Литмир - Электронная Библиотека
A
A

— Вернемся к Крамскову. Вы знали, что он лишен избирательных прав?

— Нет, — врал Харлампий.

— Незнание законов не освобождает от ответственности. — И следователь вновь скрипел пером.

Потом он давал Ермакову читать протоколы и требовал, чтобы он расписался на каждом листе внизу. Записывал чекист вроде бы со слов Харлампия, но по своему принципу — только то, что «важно». Свидетелей, давших несколько лет назад показания в пользу Ермакова или подписавших письма в его защиту, он не вызывал, ограничиваясь теми, кто хоть чем-то мог быть полезен обвинению.

После нескольких таких допросов Харлампий со всей ясностью понял, что он не выйдет из исправдома живым. Да и надоело ему, заматеревшему в боях солдату, выкручиваться, хитрить, оправдываться… Ночами он без сна лежал на нарах, вглядываясь в темноту. Смерти он не боялся, она ходила за ним по пятам с 14-го года, но душа его противилась гибели в затхлом сыром подвале, от пули в затылок… Мысль об этом была подобна прикосновению чего-то холодного и липкого. Но сильнее мысли о смерти его мучила мысль о том, почему путь, которым он шел всю жизнь, оказался гибельным. Разве он крал, обманывал, подличал? Душегубствовал, было дело… Но не больше других, и только на войне. Мечась из одного лагеря в другой, он нигде не искал себе выгоды — напротив, больше терял, ища справедливости. Но несправедливости в мире было больше, чем справедливости, оттого, наверное, и путь Харлампия выходил кривым, извилистым.

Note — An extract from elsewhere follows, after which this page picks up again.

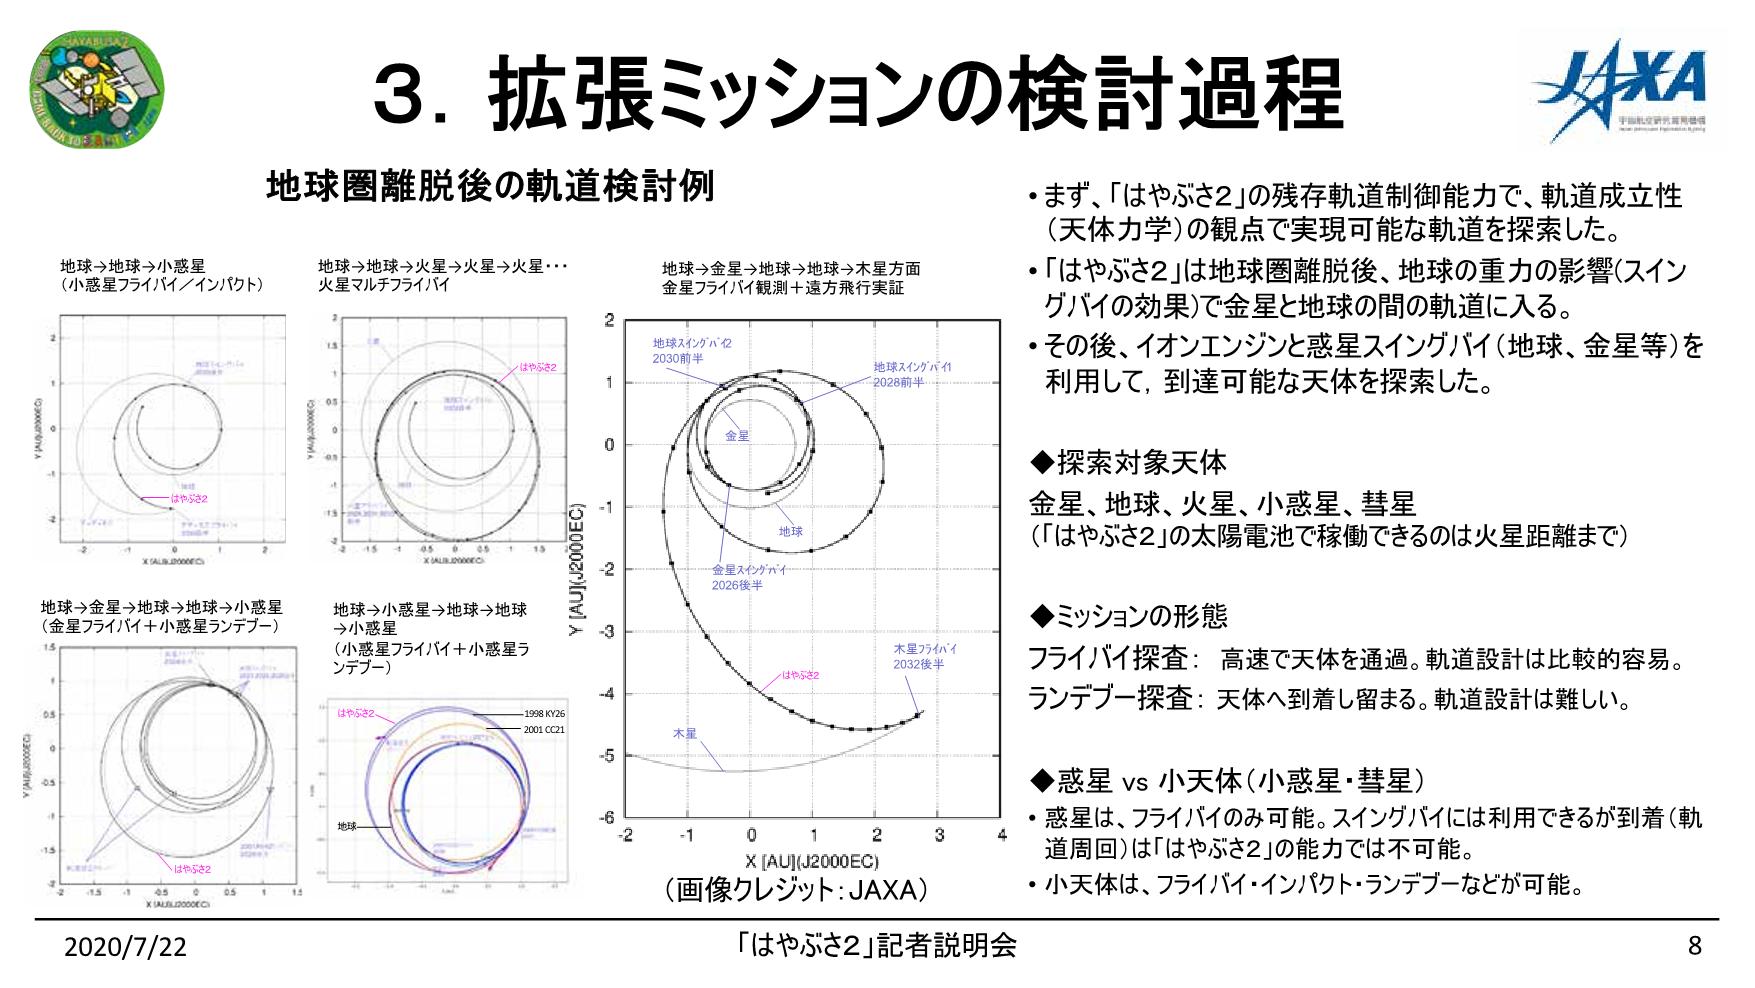 f:id:Imamura:20200722140654p:plain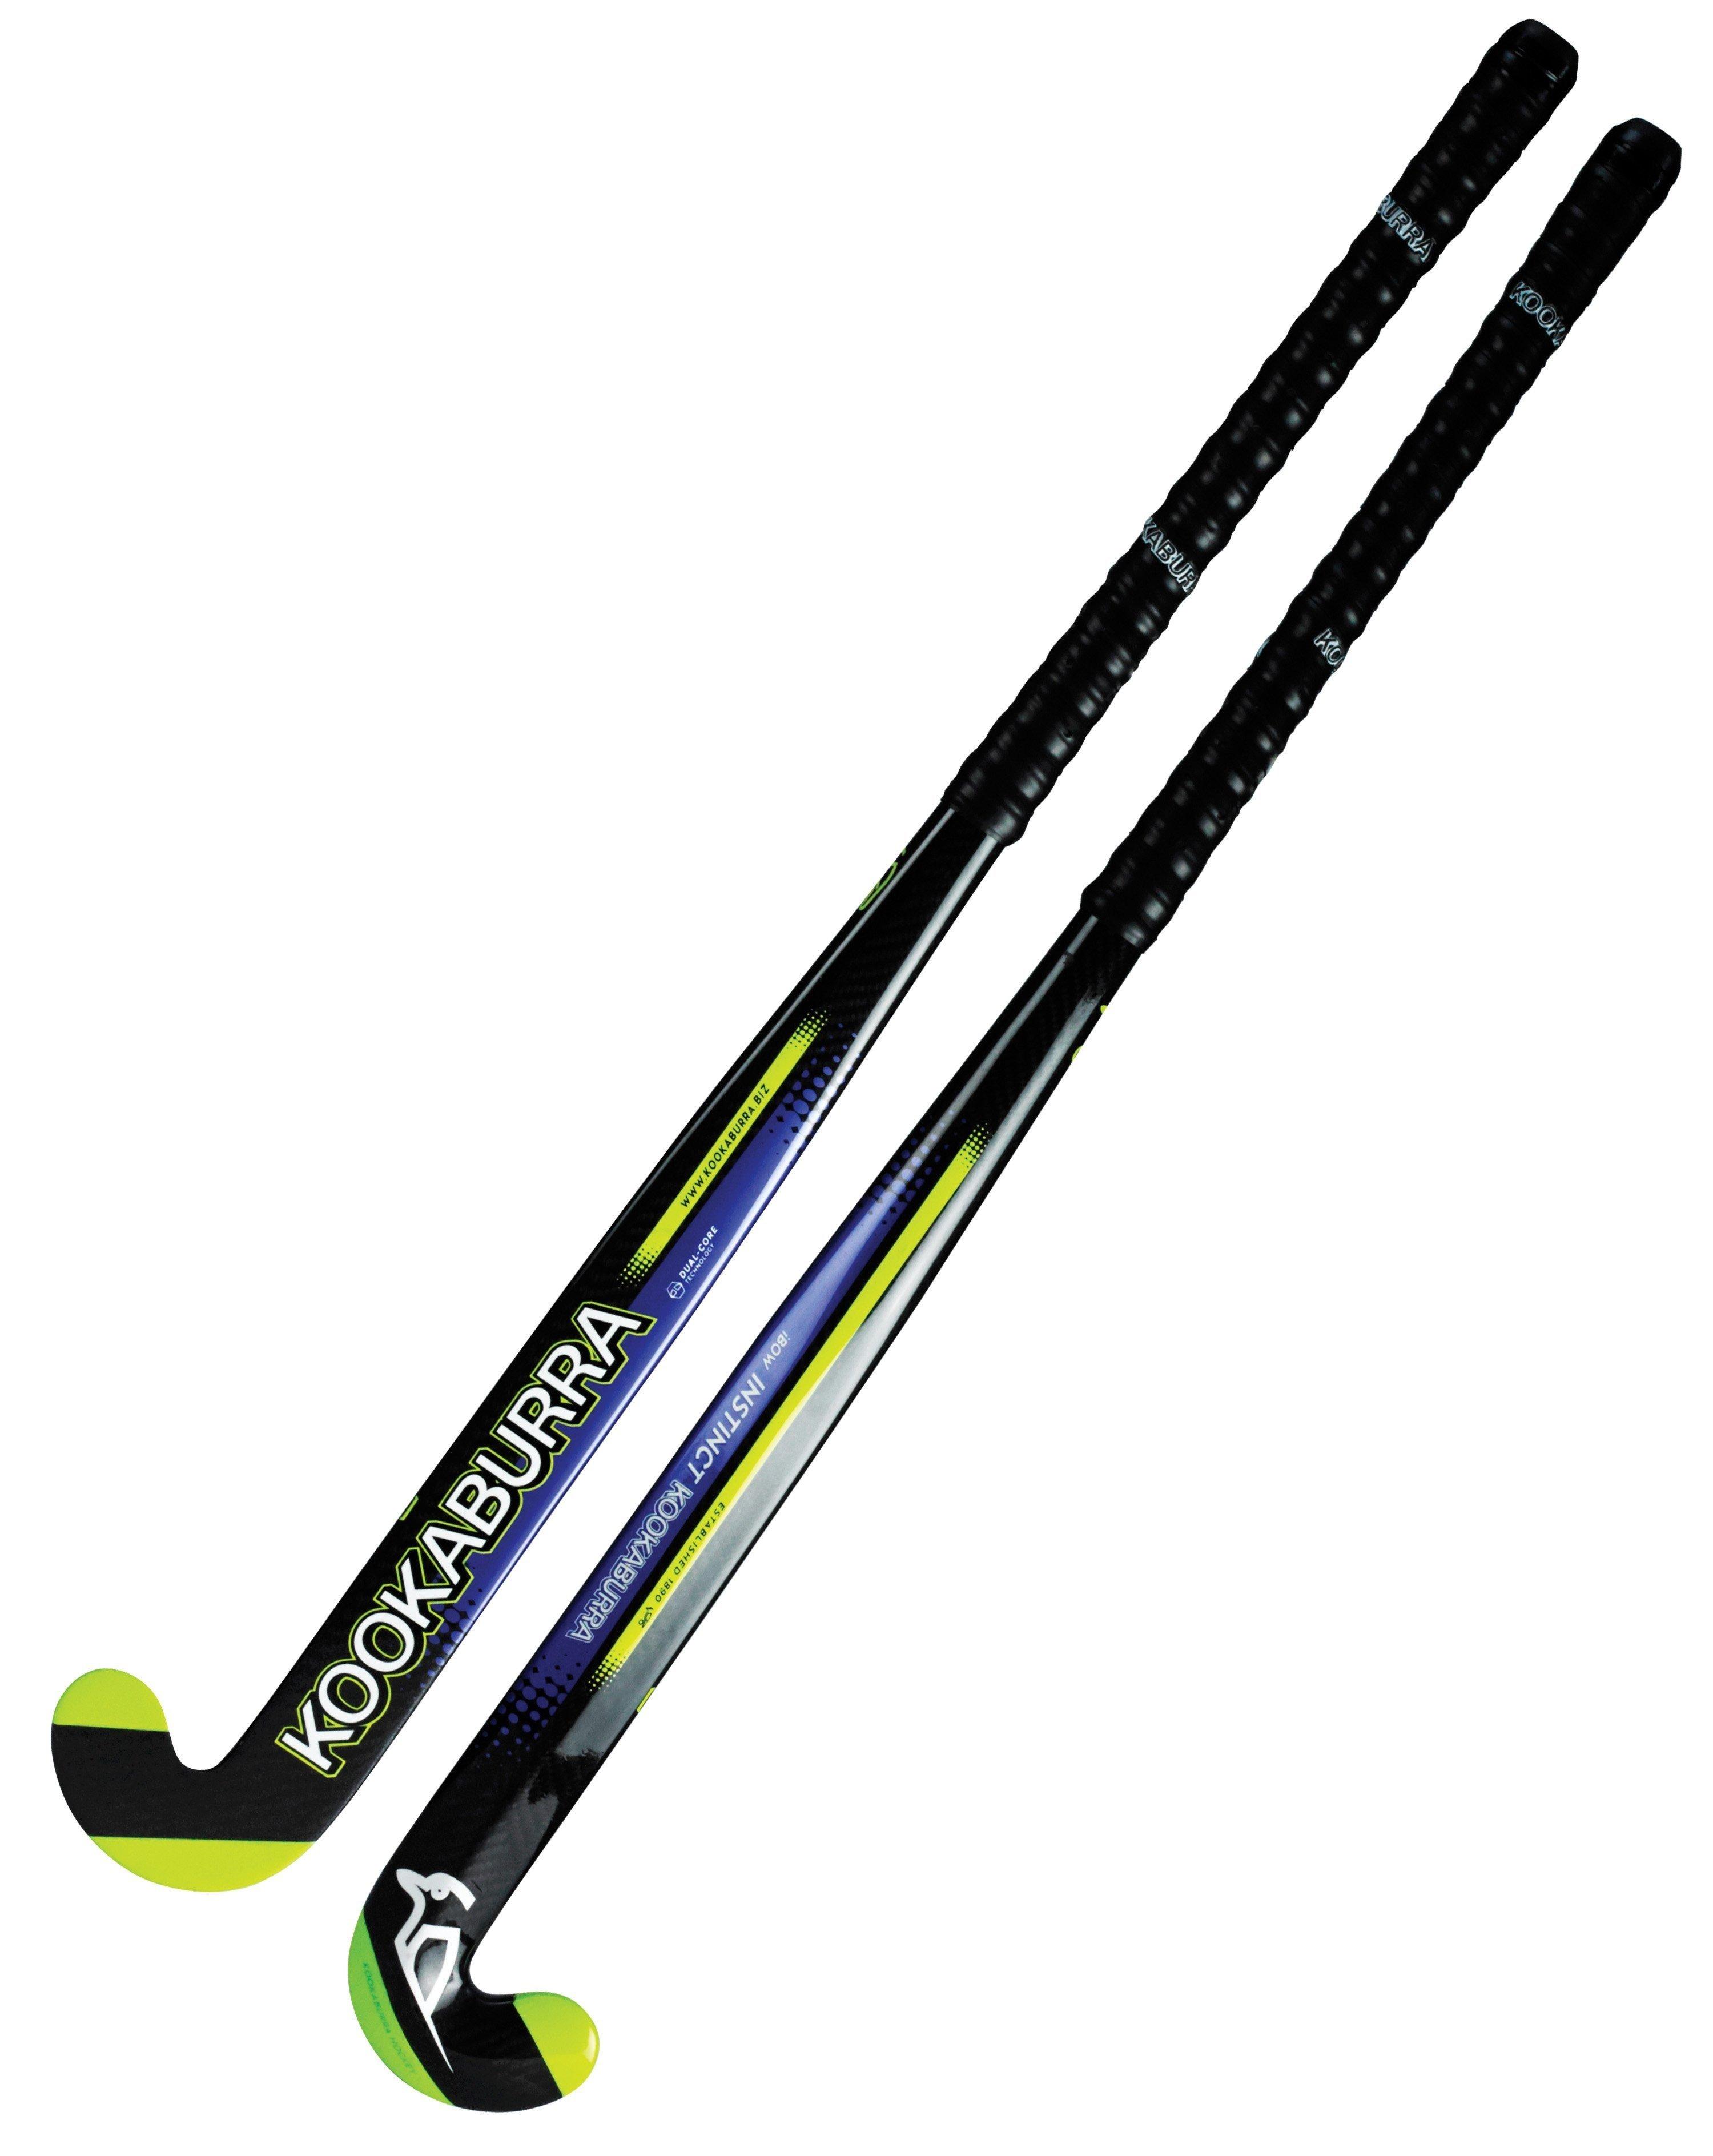 2016/17 Kookaburra Instinct Hockey Stick

Другие шли всегда прямыми путями: с красными, так с красными, с белыми, так с белыми, им с самого начала было все ясно, а ему до сих пор не ясно. Он таким даже иногда завидовал, правда, чуть-чуть, ибо понимал, что у него бы так все равно не вышло. А если даже получалось, то всегда находилась сила, сталкивающая его с прямой дороги. Все чаще вспоминал он историю, рассказанную молодому Шолохову: об утенке, которого он невзначай зарезал косой. Что было толку ему, желторотому, выбирать путь в густой нескошенной траве? Все равно ждала его неминучая судьба в виде остро отточенной литовки в руках здоровенного, головой до небес, мужика. Не зря, видать, гутарят, что смерть с косой ходит… Косит она всех без разбору — и правых, и виноватых… Стояли за простой народ и Стенька Разин, и Емельян Пугачев, а погибли оба лютой смертью. Где же был в это время народ? Народ с тем, у кого сила. Была у него сила, шел за ним народ.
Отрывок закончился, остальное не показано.